The stateful KV-cache reuses computations from previous tokens and chat turns in the same session.

```python theme={null}
adaptive.models.update_compute_config(
    model="<model key>",
    compute_config={
        "kv_cache_len": 300000
    }
)
```

Set the cache size in tokens. The combined memory of model weights and KV-cache must fit in GPU memory.

**Tuning**: Larger cache enables more batching and computation reuse. Tune iteratively based on your traffic patterns.

## Tensor parallelism

TP (tensor parallelism) is the number of GPUs over which a model replica is partitioned.

```python theme={null}
adaptive.models.update_compute_config(
    model="<model key>",
    compute_config={
        "tp": 4
    }
)
```

**Trade-offs:**

* Higher TP → lower per-GPU memory → more room for KV-cache
* Higher TP → lower latency
* Adaptive Engine automatically creates replicas based on TP, available GPUs, and traffic

## Speculative decoding

Reduce inference latency without changing output quality. A small "draft" model proposes multiple tokens, the target model verifies them in one forward pass, and accepted tokens are kept. See [Speculative Decoding Visualized](https://www.adaptive-ml.com/post/speculative-decoding-visualized) for an in-depth explanation.

### Train a draft model

```python theme={null}
adaptive.jobs.run(
    recipe_key="specdec_alignment",
    num_gpus=2,
    args={
        "target_model": "qwen-3-8b",
        "draft_model": "qwen-3-500m",
        "dataset": "my-prompts",
    },
)
```

The draft must share the target's tokenizer (same model family). The output is an accelerated model named `<target>_accelerated` by default.

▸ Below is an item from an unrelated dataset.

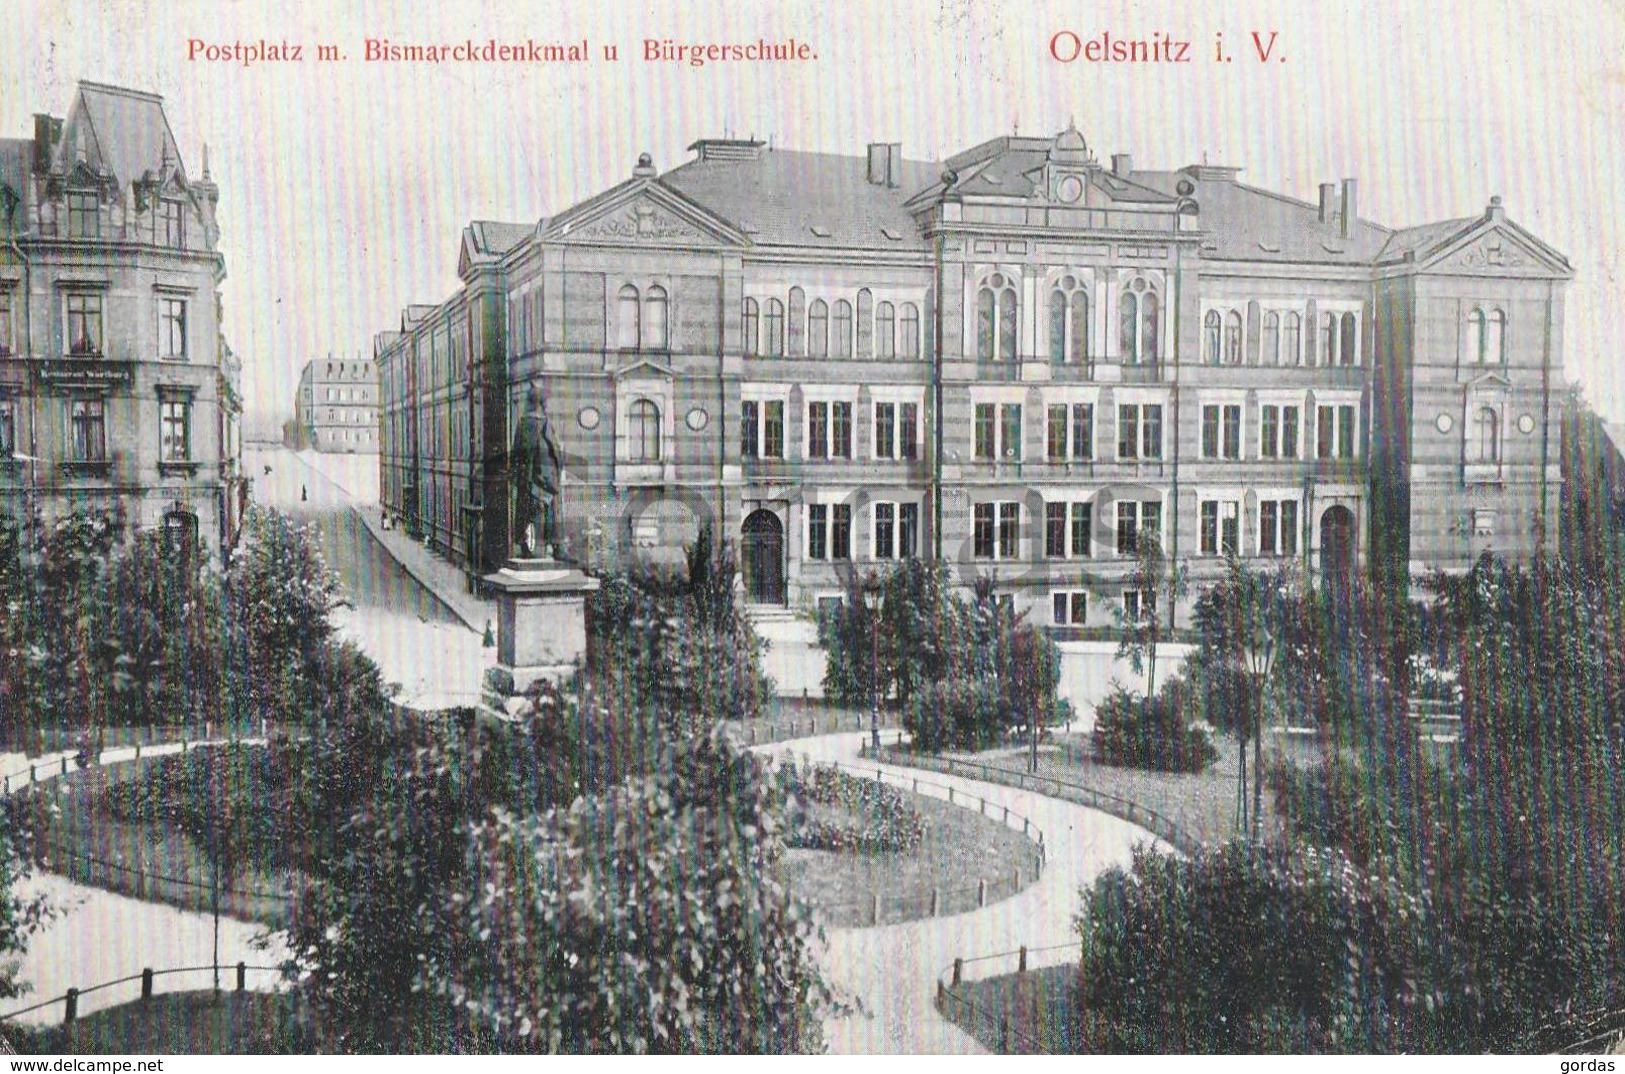 Germany - Oelsnitz In Vogtland - Postplatz - Bismarckdenkmal - Burgerschule - Oelsnitz I. Vogtl.

### Deploy with speculative decoding

```python theme={null}
adaptive.models.deploy(
    model="qwen-3-8b_accelerated",
    num_draft_steps=4,
    wait=True,
)
```

`num_draft_steps` sets how many tokens the draft proposes per step (1 to 8). The recipe logs **acceptance rate** during training: the fraction of draft tokens the target accepts. Higher acceptance rate means more speedup.

## Timeouts

Three timeout controls for 408/timeout errors:

| Setting                              | Default | Description                                       |
| ------------------------------------ | ------- | ------------------------------------------------- |
| `ADAPTIVE_SERVER__TIMEOUT_SECONDS`   | 60s     | HTTP request timeout in control plane             |
| `ADAPTIVE_HTTP_CLIENT__TIMEOUT_SECS` | 60s     | Control plane to dependencies timeout             |
| `max_ttft`                           | 60s     | Max time before first token (includes queue time) |

Set `max_ttft` via SDK:

```python theme={null}
adaptive.models.update(
    model="<model key>",
    placement={
        "max_ttft_ms": 60000
    }
)
```

## Compute pools

Compute pools are isolated partitions of your cluster. Deploy models to multiple pools for reliability.

```python theme={null}
adaptive.models.update(
    model="<model key>",
    placement={
        "compute_pools": ["pool-1", "pool-2"],
    }
)
```

Configure autoscaling via the Helm chart. See [self-hosting](/v0.14/deploy/self-hosting).

## Additional tips

**Models:**

* Use FP8 quantization
* Use smaller models - they often outperform frontier models after fine-tuning

**Database:**

* Use a properly-sized database near your inference machines (permission checks happen on every inference call)

## FAQ

**Why does TP=1 use more per-GPU memory than TP=N?**

With TP=N, the model is sharded across N GPUs, so each GPU holds 1/N of the weights.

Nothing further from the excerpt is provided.